Howard Miller Clocks and other fine gift items at Al's Gifts!
GPS Rechargeable Batteries for Timex GPS Watches
AA Wire Die Ace American Wire Die Company
Trail Runner is the newest Timex Bodylink 5c391 GPS Model made specifically for the shocks of trail running.
Green and White Outdoors Landscape Company.
iPod, iPod mini and iPod accessories for the Apple iPod are yours at PodMania.com
Phiar stands a chance to become the hottest company on the planet with a new line of semiconductors that challenge the status-quo!
Borlin Orchids for sale at amazing prices

timex 5f011 bodylink


 How To Keep A Healthy Level Of Insanity
(While Driving The People Around You Insane)


1) At lunch time, sit in your parked car and point a hair dryer at passing cars to see if they slow down.

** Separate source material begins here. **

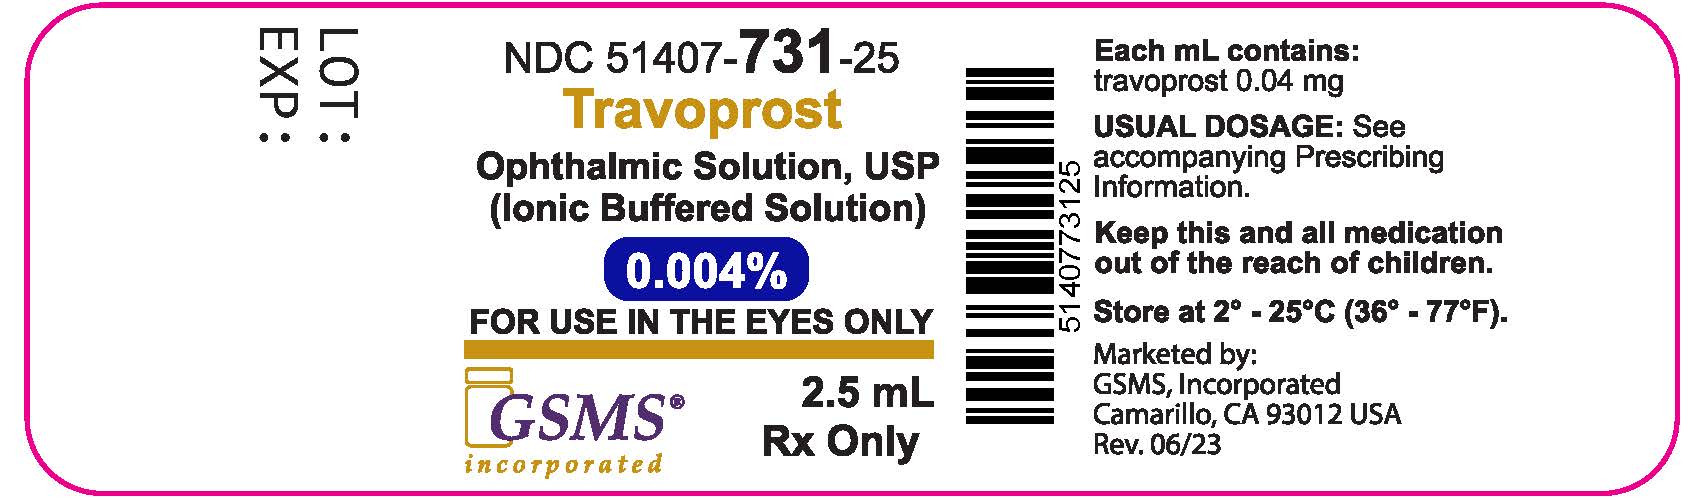 51407-731-25OL - TRAVOPROST OS 0.004pct - 2.5mL container - Rev 06-23.jpg

2) Page yourself over the intercom. (Don't disguise your voice.)

3) Insist that your e mail address is:    xena-goddess-of-fire@companyname.com or
Elvis-the-King@companyname.com

4) Every time someone asks you to do something, ask if they want fries with that.

5) Encourage your colleagues to join you in a little synchronized chair dancing.

6) Put your garbage can on your desk and label it "IN".

7) Develop an unnatural fear of staplers.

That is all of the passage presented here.